The pro-tax lobby and big media have been engaged since the election in a massive campaign to convince the American people (a) that George Bush’s solemn anti-tax pledge was a phony and (b) that tax increases are essential and inevitable in order to reduce the deficit. The assumption is that federal spending cannot be controlled, so American citizens must be bled for more taxes.
But every penny of federal spending is voted by the Congress, so it’s Congress’ job to cut spending. If there ever was a clear election mandate, it is for George “read my lips” Bush to veto any tax increase voted by Congress.
History tells us that raising taxes absolutely does NOT and will NOT reduce the deficit! On the contrary, raising taxes will most probably increase the deficit!
In 1982, 1983, 1984 and 1987, Congress voted tax increases, promising that this would reduce the deficit. Every tax increase slowed economic growth, and three out of four of those tax increases produced an increase in the deficit the following year because, when more revenues become available, the liberal Congress has an irresistible urge to vote for bigger spending bills.
A recent study showed that since 1948 every dollar of new taxes resulted in $1.58 in increased spending! A tax increase simply enables the big spenders to finance their extravagant wish list.
Some economists believe that every dollar of higher income taxes reduces economic activity by as much as 60 cents. Again and again, we have seen tax increases put economic growth on the skids, reduce investment and consumer demand, and increase business costs, thereby increasing prices.
Of course, deficits are bad but, on the scale of economic problems, deficits rank well behind high unemployment, high inflation, high interest rates, high taxes, and lack of economic growth. High-tax countries have less economic growth and less creation of new jobs. A tax increase would not only slow U.S. jobs creation and economic growth, but might trigger a recession.
Anybody who thinks the Federal Government is short of revenues must not have looked at the figures. During the eight years of the Reagan Administration, federal revenues rose almost 90 percent, from $517 billion in 1980 to $980 billion in FY 1989.
The Congressional Budget office predicts that, even if taxes are not increased by one thin dime, tax revenues will rise by about $74 billion revenue increase that will occur in each of the next two years even without a tax increase would reduce our current $150 billion deficit to zero.

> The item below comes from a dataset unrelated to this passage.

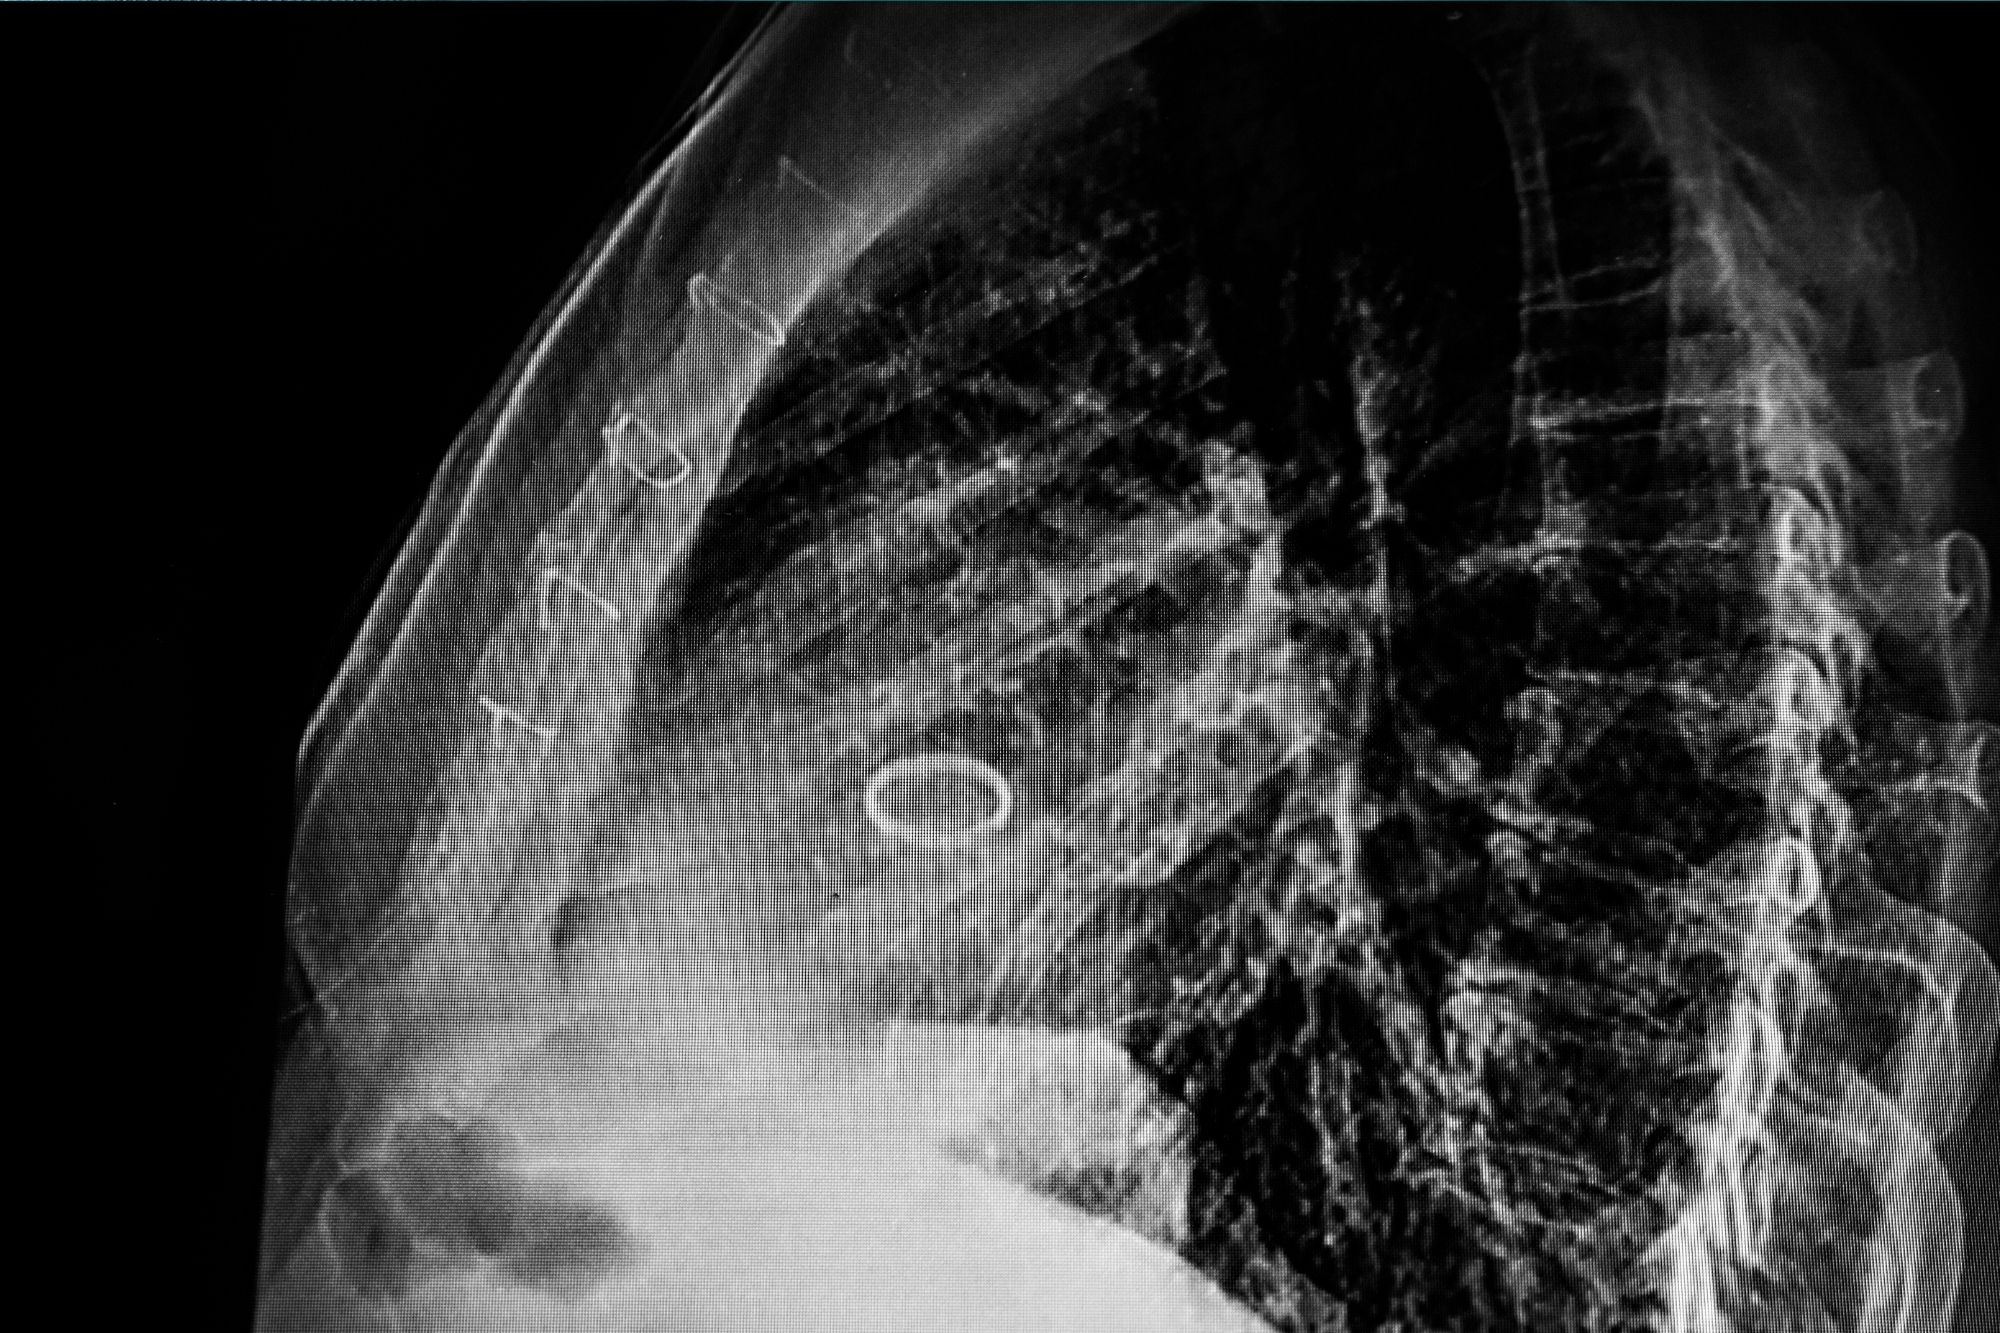 Remplacement de la valve aortique par voie transcathétérale en turquie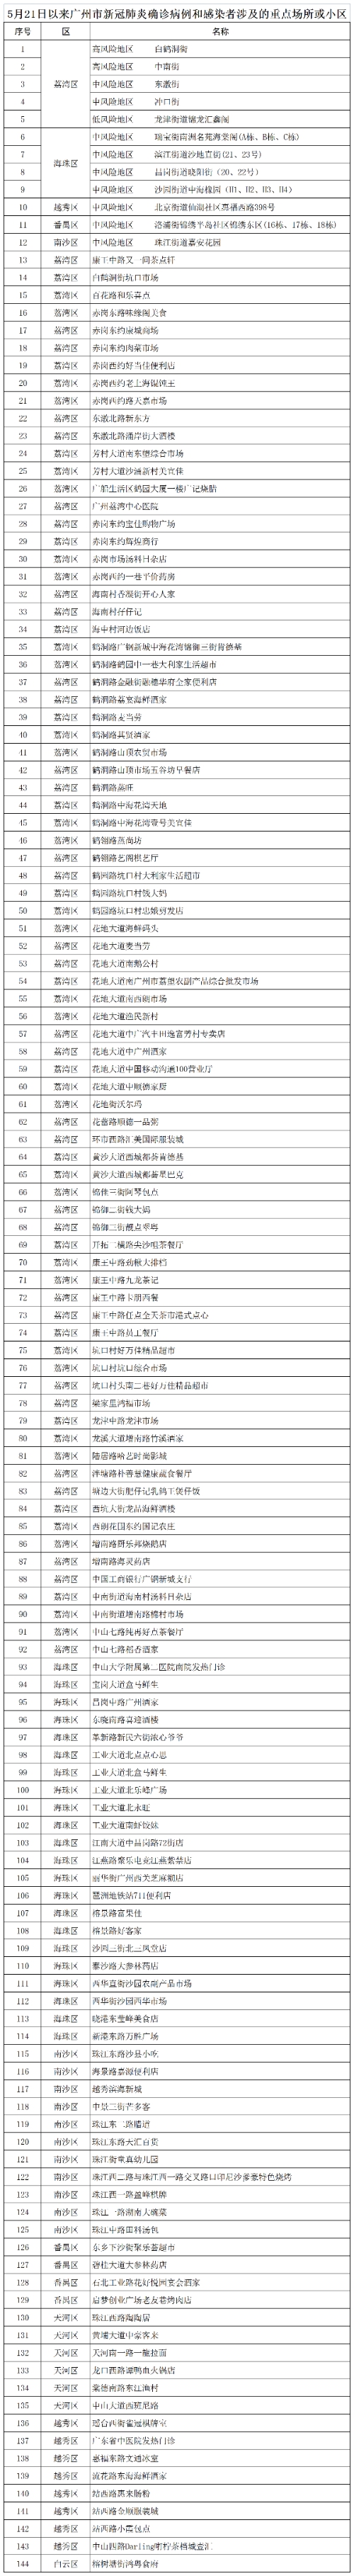 广州通报感染者涉及的144个重点场所或小区

If Congress caps total spending, it can reorder priorities under that cap any way it chooses. Or, Congress could take deficit reduction a little slower and allow spending increases of, say, $37 billion a year for four years.
We would hear a lot of moaning and groaning about how hurtful spending cuts are. In fact, there have been and will be NO spending cuts at all – only imaginary “cuts” in the spending growth.
Those who want the Federal Government to spend $73 billion more next year complain that we will suffer a $36 billion spending “cut” if Congress is allowed to increase spending by “only” $37 billion. If Congress spends more in 1990 than in 1989, that is a spending increase, NOT a cut.
In 1989, the federal deficit is only 2.9% of our Gross National Product (GNP). The deficit percentage has dropped dramatically since 1983 when it was 6.3% of GNP. The Congressional Budget office estimates that the deficit will shrink to only 1.8% of GNP by 1993 and the Office of Management and Budget anticipates that it may drop to only one-half of 1% of GNP by 1993.
Since the Reagan recovery got underway in 1982, 18 million new jobs have been created in the private sector. This is the reason why $60 billion per year in new revenues have been flooding into the U.S. Treasury.
The situation would be a lot better if Congress hadn’t passed 14 separate tax increases since 1982, thereby increasing the tax bite taken out of the average family’s paycheck to about what it was before the last recession. The high tax level is a much bigger threat to our economy than the deficit.